Many of the piers which once poked out into the North River from the Manhattan shore have long ago disappeared and a number have also been converted to purely recreational uses with no maritime functionality at all. However, some continue to serve their original purpose, providing access to ships in the river for passengers or freight.
Piers on the North River are numbered sequentially from south to north. Generally, the number of a pier corresponds to the number of the street it sits at the end of, plus 40, so that, for example, the pier at the end of West 48th is pier 88.
Pier 83 at the foot of 43rd Street is home to the Circle Line cruises, which offer sightseeing trips around the harbor and around the entire island of Manhattan.

Pier 86 hosts the Intrepid, a retired World War II era aircraft carrier now serving as an air and space museum.

Pier 88 is the Port Authority’s cruise ship terminal. The slip was empty today but Norwegian Cruise Lines has been operating trips from there in recent weeks.

Pier 98 houses the fuel dock for Con Ed’s 59th Street power plant, originally built to generate electricity for the IRT subway but now relegated to producing just steam. The plant mainly burns natural gas but can also use oil, and tanker barges tie up at this pier to unload periodically.

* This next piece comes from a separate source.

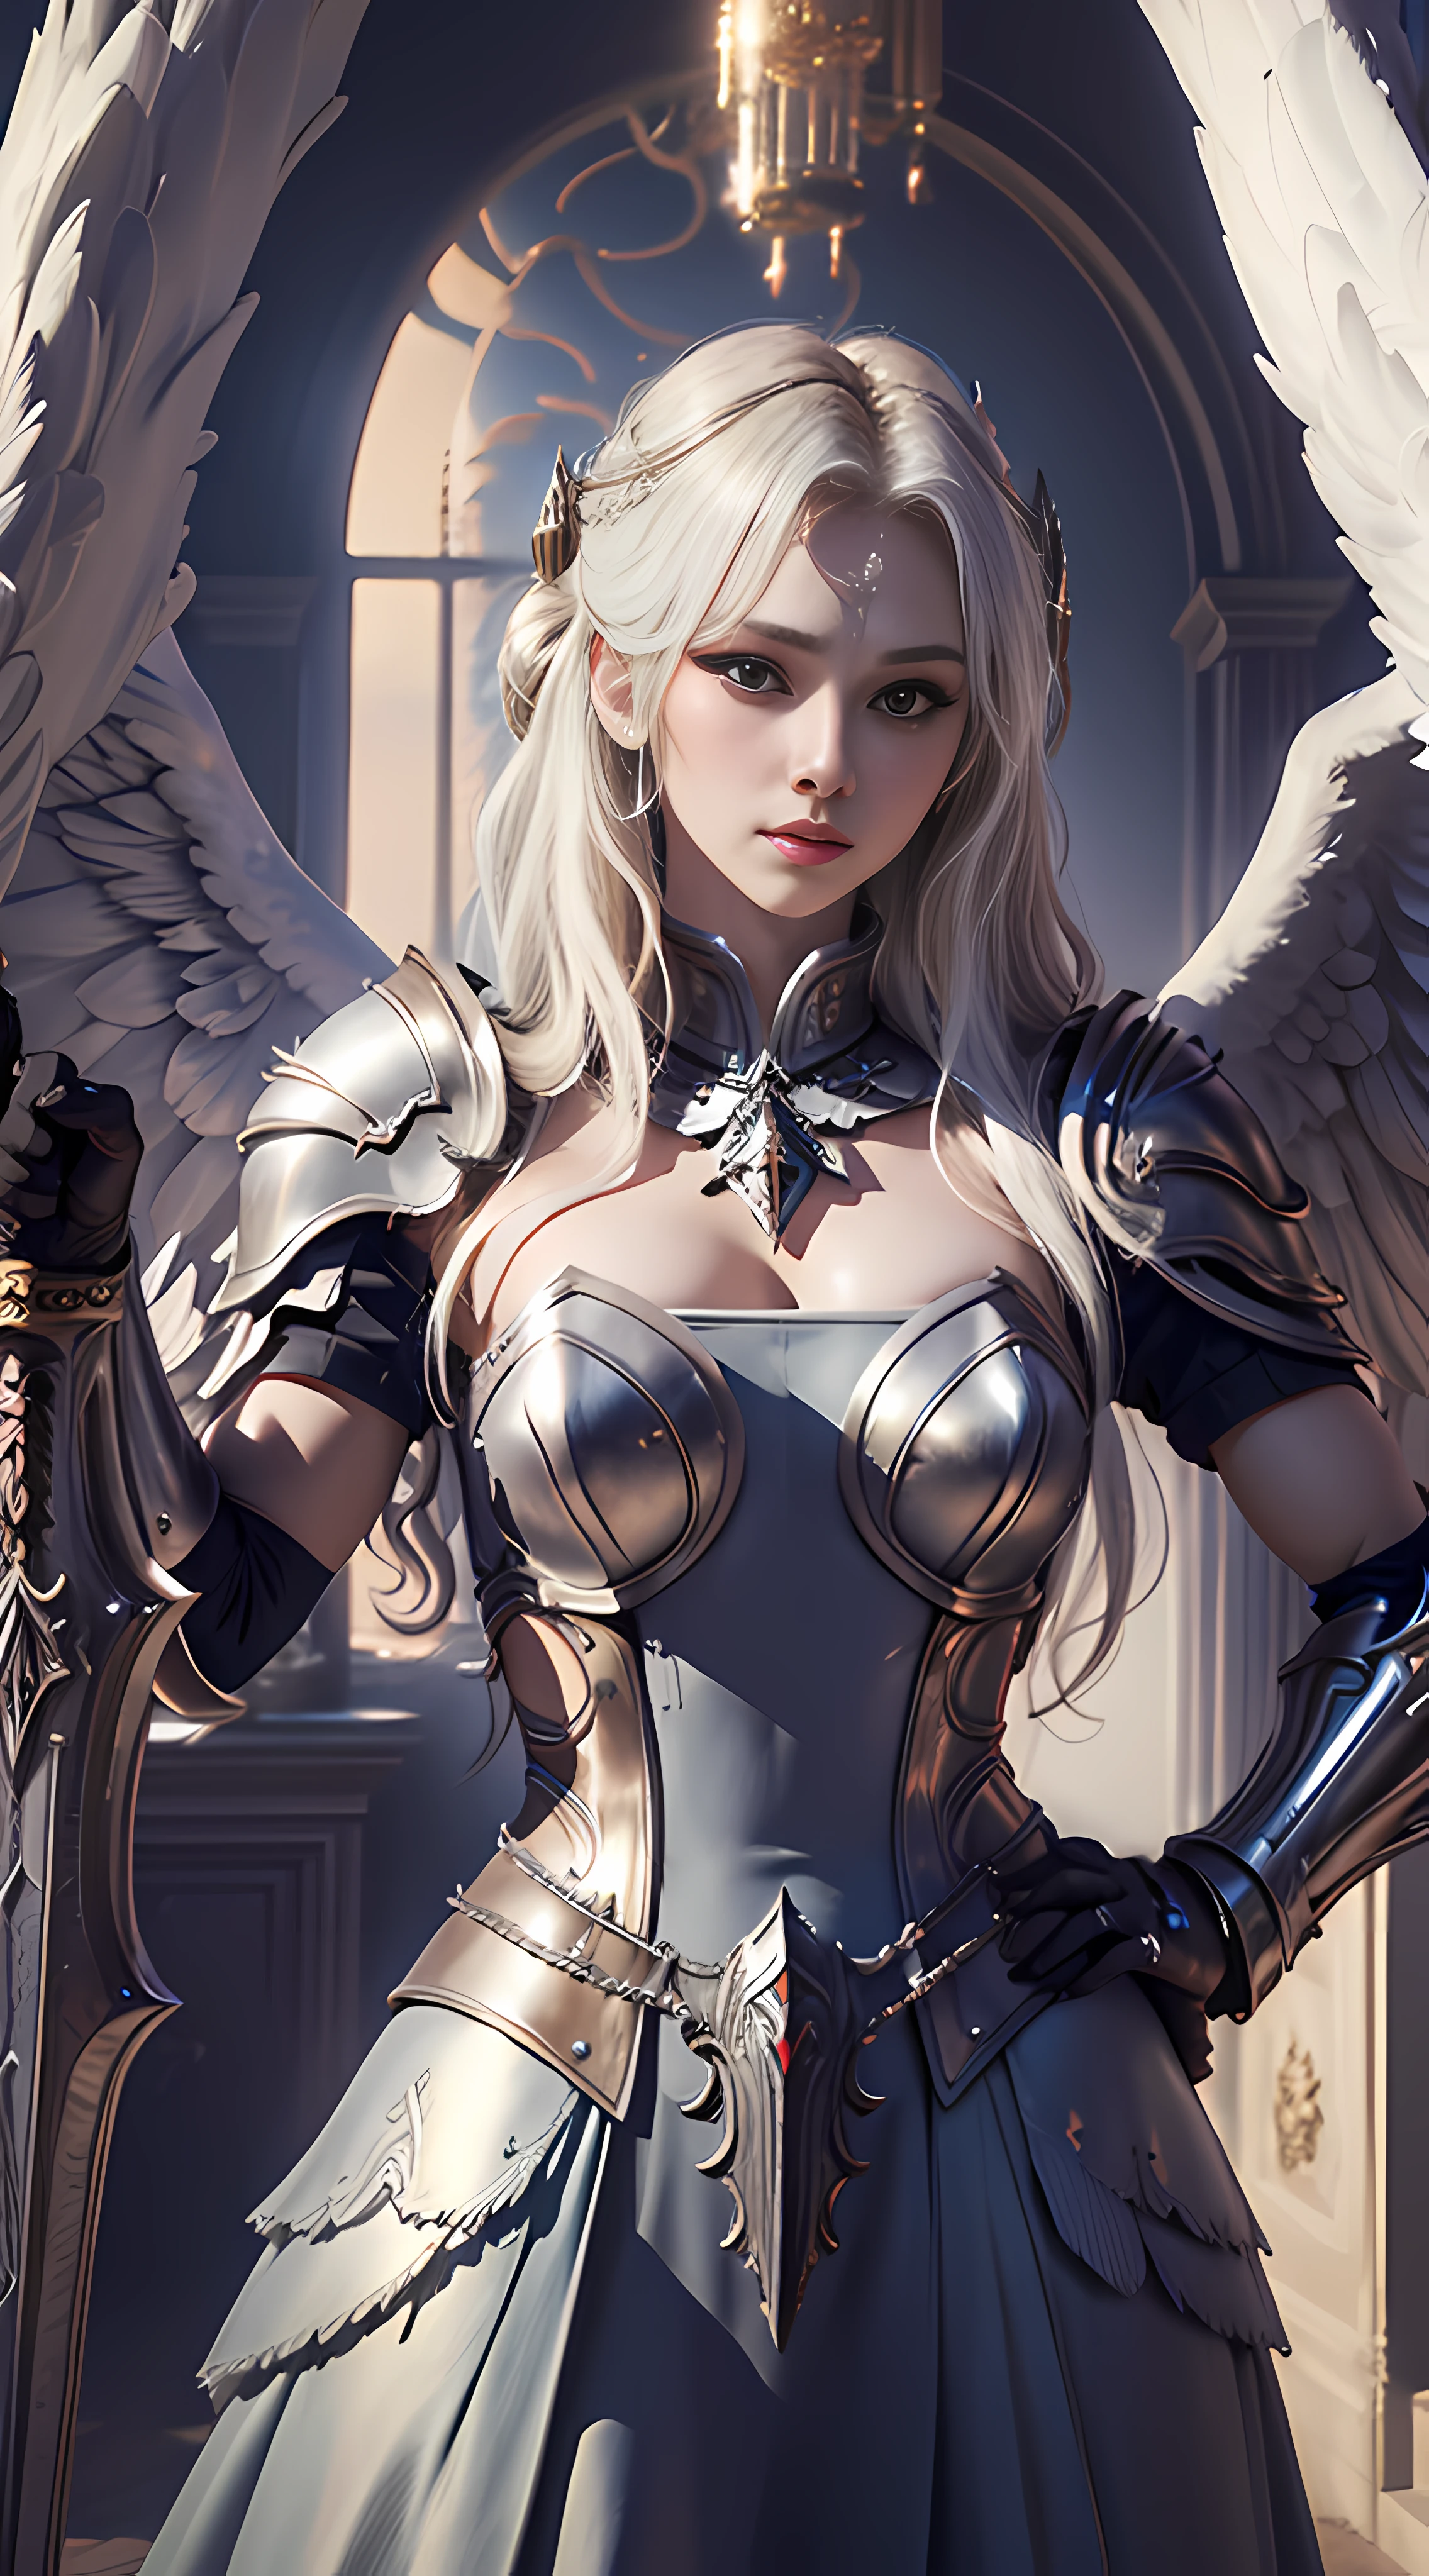 ((Best quality)), ((Masterpiece)), (Detailed),1girll,Solo,full bodyesbian , Valkyrie,angel,Valkyrie armor,Angel wings,winged helmet, woman,gaodanvshen, [sword:Fire:0.3] and [a shield:Ice:0.3],Sword and shield

Pier 99 is occupied by a Sanitation Department transfer station. Residential paper waste generated in Manhattan is brought here for transfer to barges and brought to a facility in Staten Island run by Pratt Industries for recycling into cardboard packaging. See the recent West Side Rag article for more on what goes on here: https://www.westsiderag.com/2021/12/26/a-visit-to-the-disco-dump-shows-how-the-upper-west-sides-recycled-paper-is-reborn

Pier 99 is the highest numbered pier on Manhattan. Piers above 59th Street up to 72nd Street were part of the rail yards which used to exist in that area, allowing freight cars to be brought alongside ships being loaded. These piers were identified with letters instead of numbers, to distinguish them. They also differed from standard piers in that they protruded into the river on an angle, so that train tracks could branch onto them (railroads don’t like right angles), as opposed to standard piers which are perpendicular to the shoreline. Most of the railroad piers are gone now, only the wood pilings which once supported them are visible. An exception is Pier I (“eye”) which was the longest pier in the railroad days and has been rebuilt for recreation.

At the foot of West 69th Street on the river sit the remnants of an old New York Central transfer bridge, the only remaining structures of the old railroad yard. The transfer bridge was placed on the National Register of Historic Places in 2003 in an effort to ensure that it would remain in perpetuity as a historic monument to the former industrial past of Riverside Park South.

The purpose of the transfer bridge was to allow freight cars to be rolled from tracks on land and onto barges. The barges could then be floated across the river to the New Jersey side where a similar mechanism existed to deliver the cars into the New York Central (West Shore Railroad) yards in Weehawken. From there, the cars could move inland through a tunnel in the Palisades which still exists and is used by New Jersey Transit’s Hudson-Bergen Light Rail or they could move along the river to other railroad yards on the Jersey shoreline.
Meanwhile, Wednesday saw light traffic on the river. The Laurie Ann Reinauer and Evelyn Cutler both saw early departures with their empty barges after anchoring overnight.

The DEP tankers Port Richmond and North River were both servicing the North River sewage plant, ferrying residual sludge to the Wards Island plant for dewatering.